Re: found nym-differentiation! Still need perpetual motion, FTL travel, coldfusion
At 19:02 5/11/96, Perry E. Metzger wrote:
I doubt that will work even were it implemented. Every phone on the planet and terminal would need to constantly do biometric analysis of every user, and even then people could program their terminals to lie.

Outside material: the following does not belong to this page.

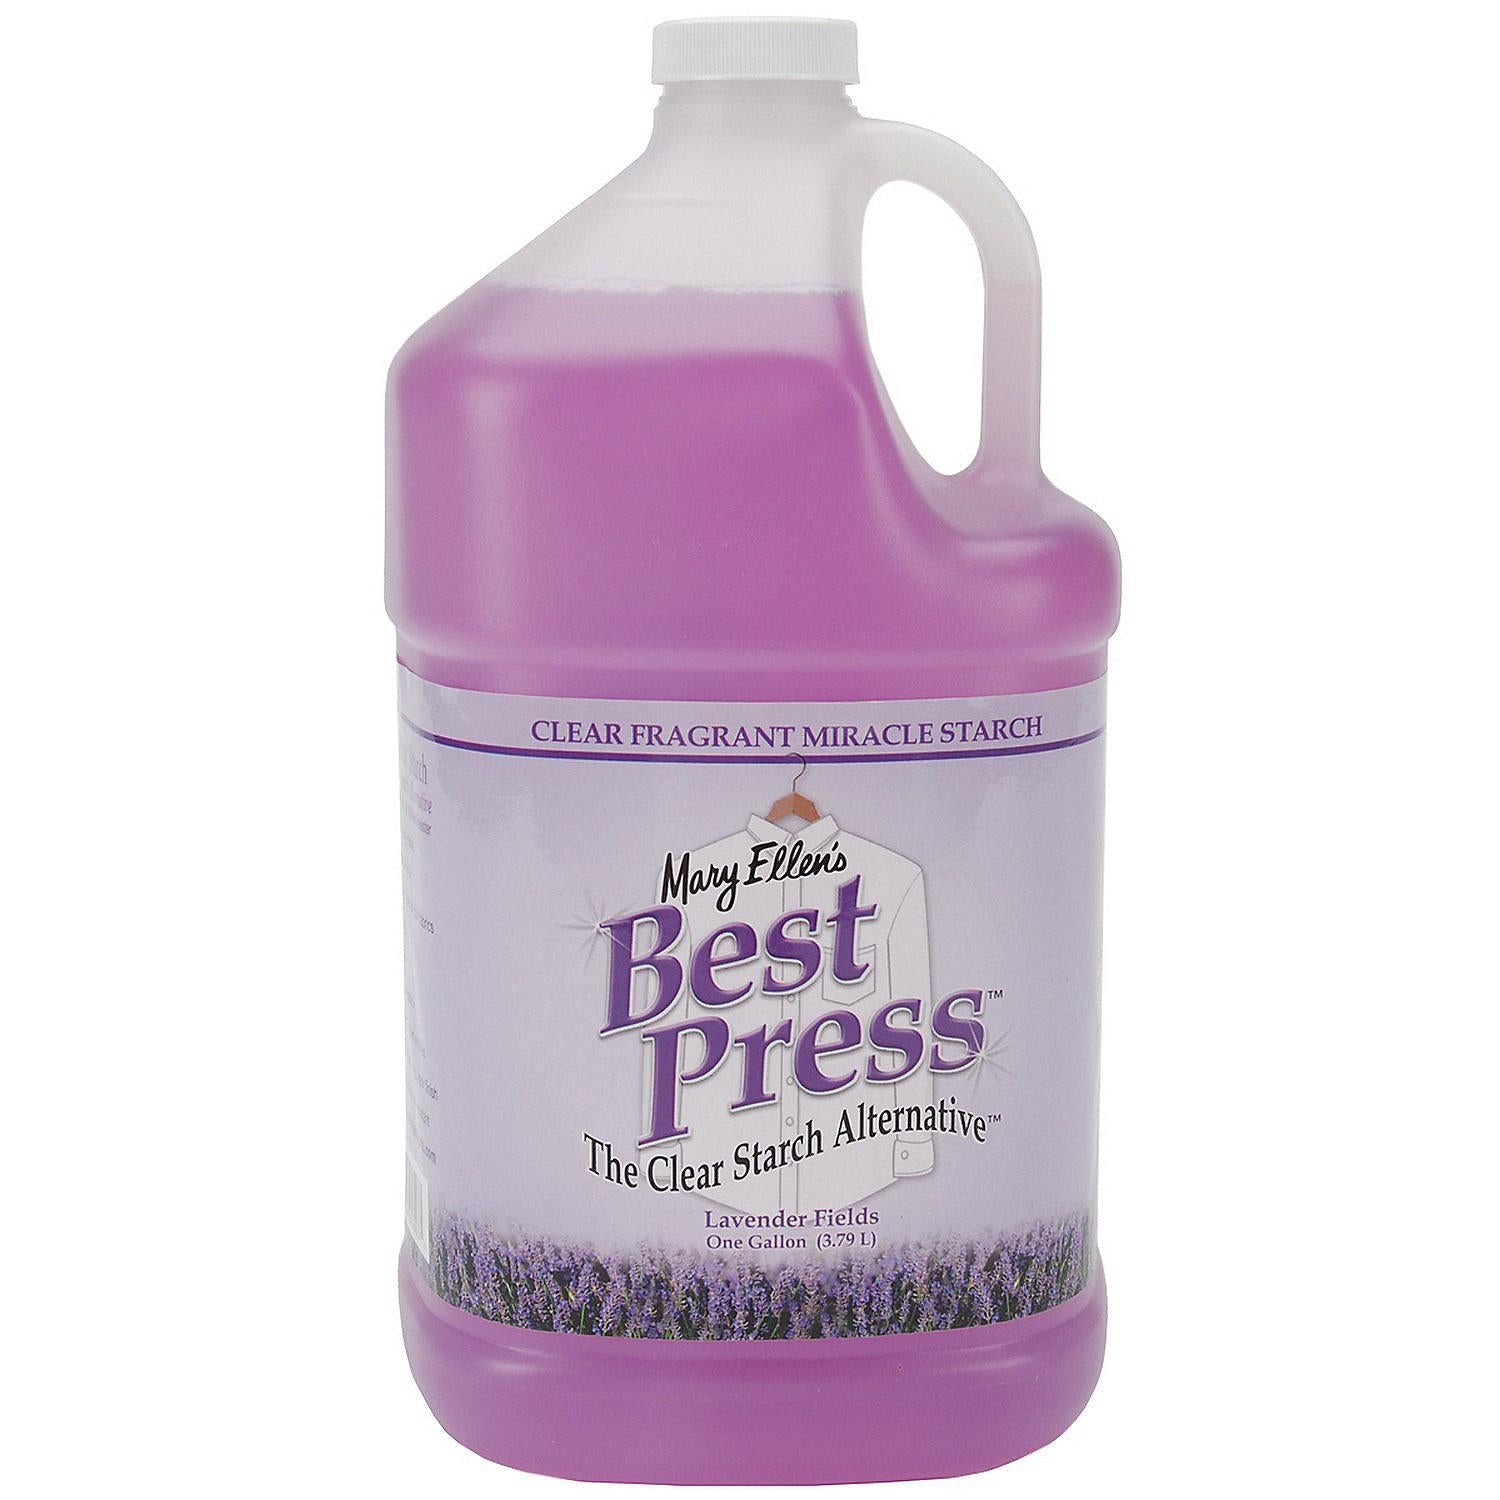 Mary Ellen's Best Press Clear Starch Alternative 16-Ounce, Scent Free

Telling your terminal to lie will be rather difficult once the CPU refuses to run an OS with out propper signatures. The OS in turn won't run applications without such signatures. All commercial software has to undergo code review by CAs. Your machine won't even run anything but approved software. Should you think about keeping an old machine around that does, my advice would be: don't. At least not unless you are willing to face the ten years prison term mandatory for such a computer crime. Disclaimer: My opinions are my own, not those of my employer. -- Lucky Green <mailto:shamrock@netcom.com> PGP encrypted mail preferred.
Lucky Green writes:
At 19:02 5/11/96, Perry E. Metzger wrote:
I doubt that will work even were it implemented. Every phone on the planet and terminal would need to constantly do biometric analysis of every user, and even then people could program their terminals to lie.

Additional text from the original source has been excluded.